**PROBLEM DESCRIPTION**
Exclude the pictures and repeat all of the data exactly.

**AVAILABLE DATA**
◆ ◆ ◆

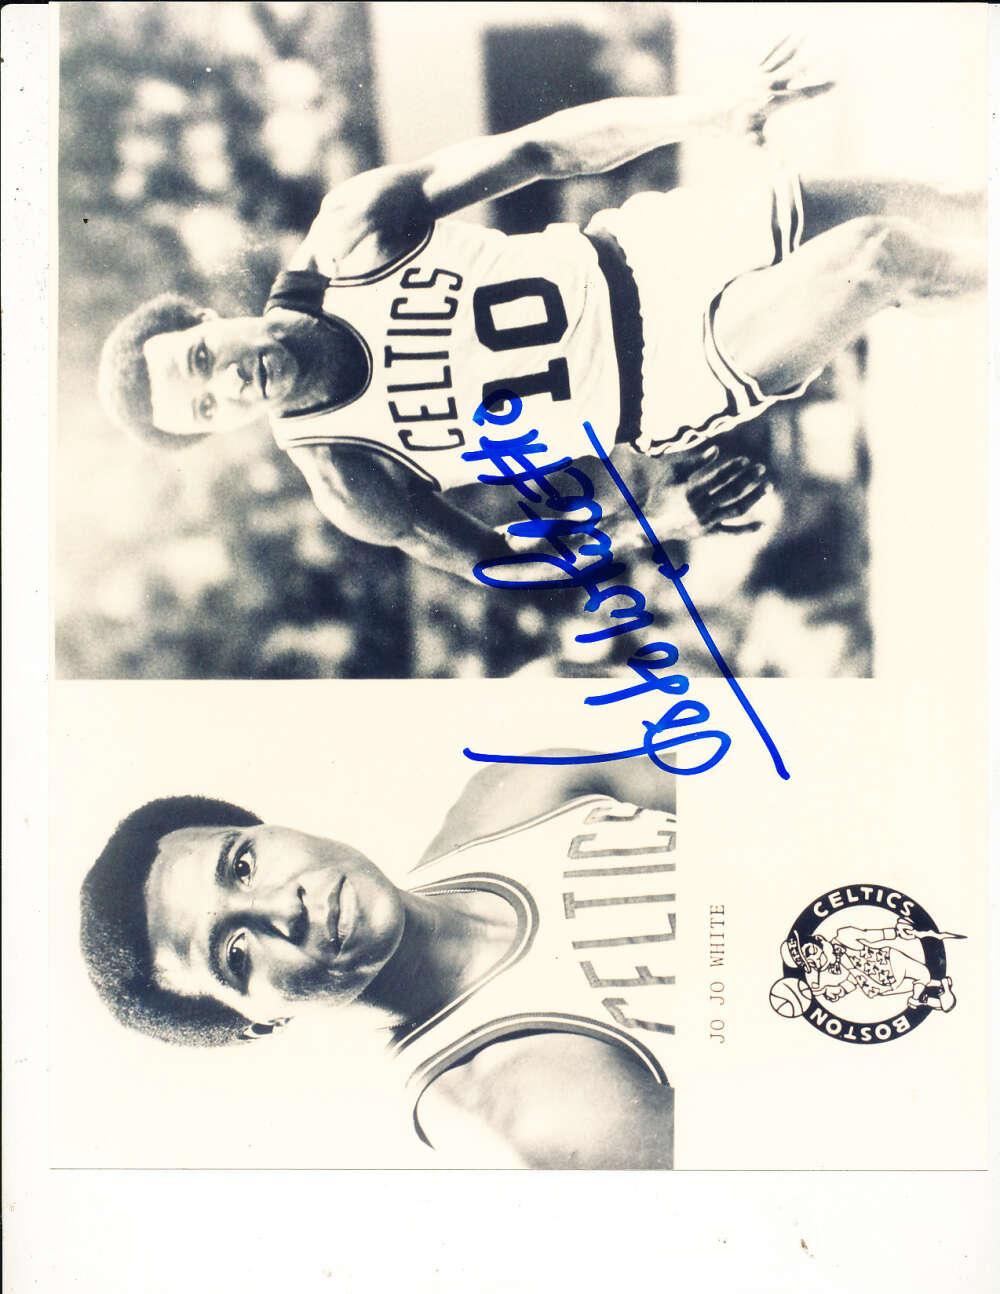 Jo Jo White Boston Celtics signed 8x10 photo
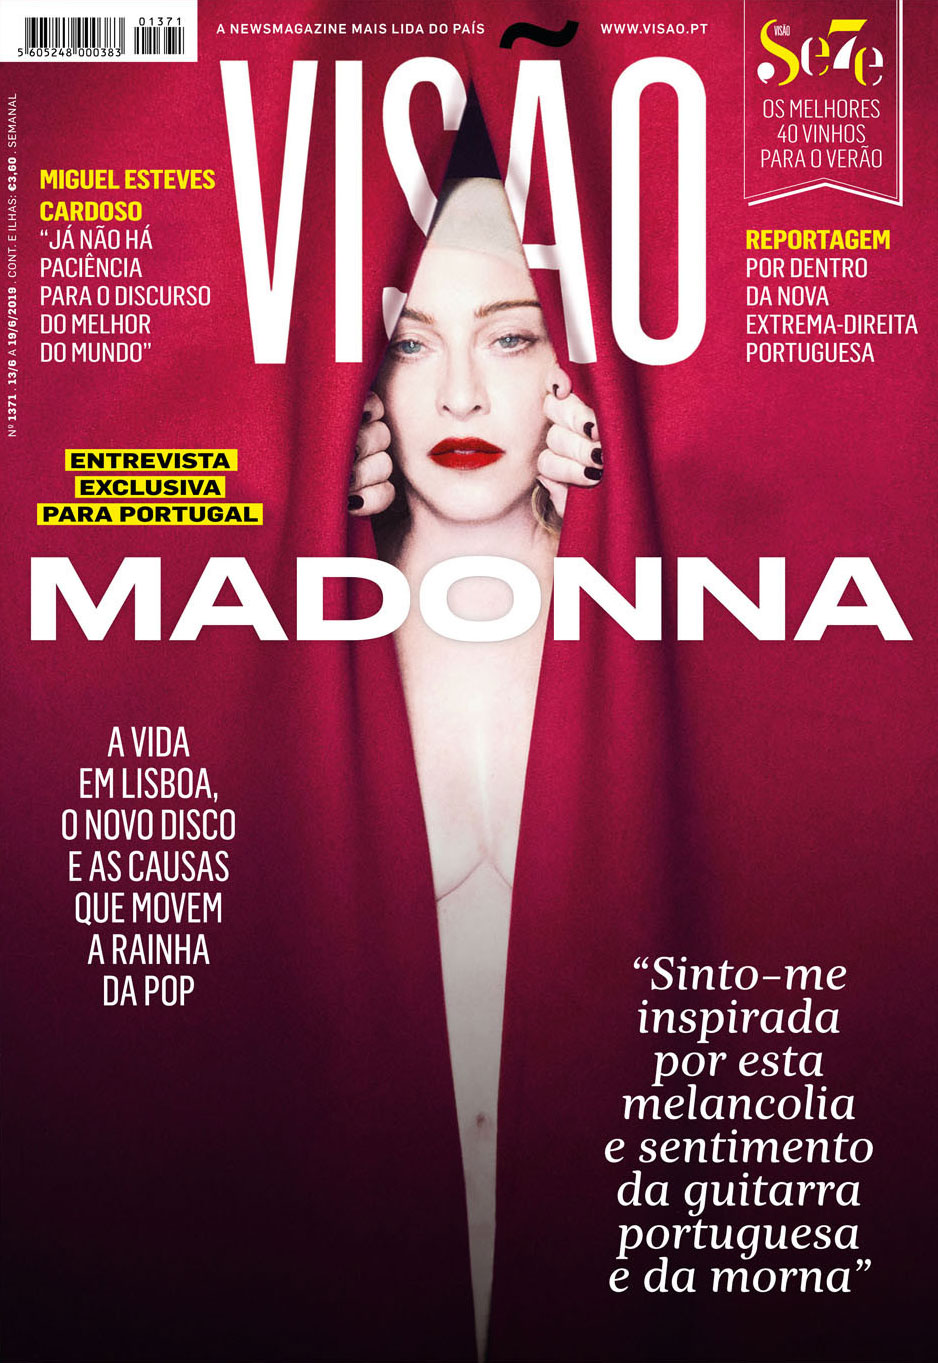 madonna magazine portoghese visao
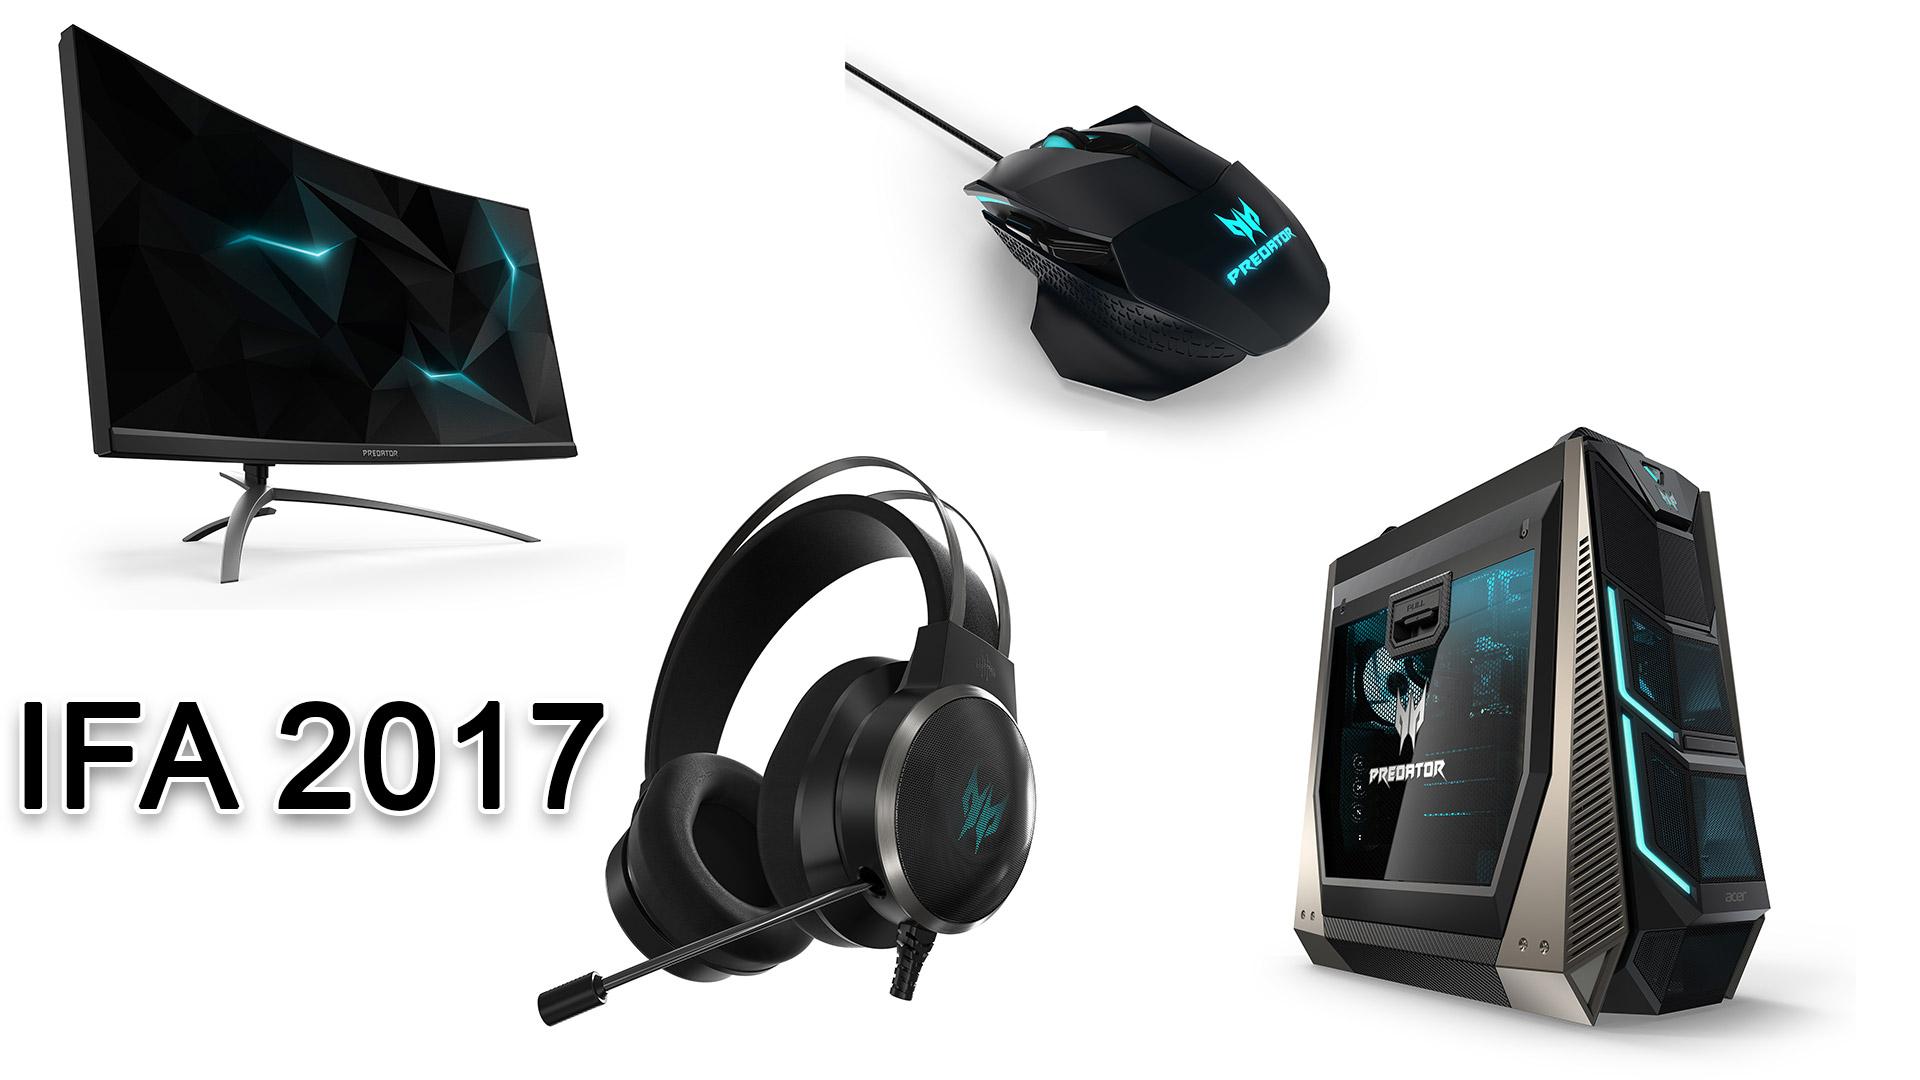 IFA 2017] Acer Announces the Predator Orion 9000 desktop, Predator

◆ ◆ ◆

**RESULT OF THIS TASK**
 Jo Jo White Boston Celtics signed 8x10 photo
 madonna magazine portoghese visao
 IFA 2017] Acer Announces the Predator Orion 9000 desktop, Predator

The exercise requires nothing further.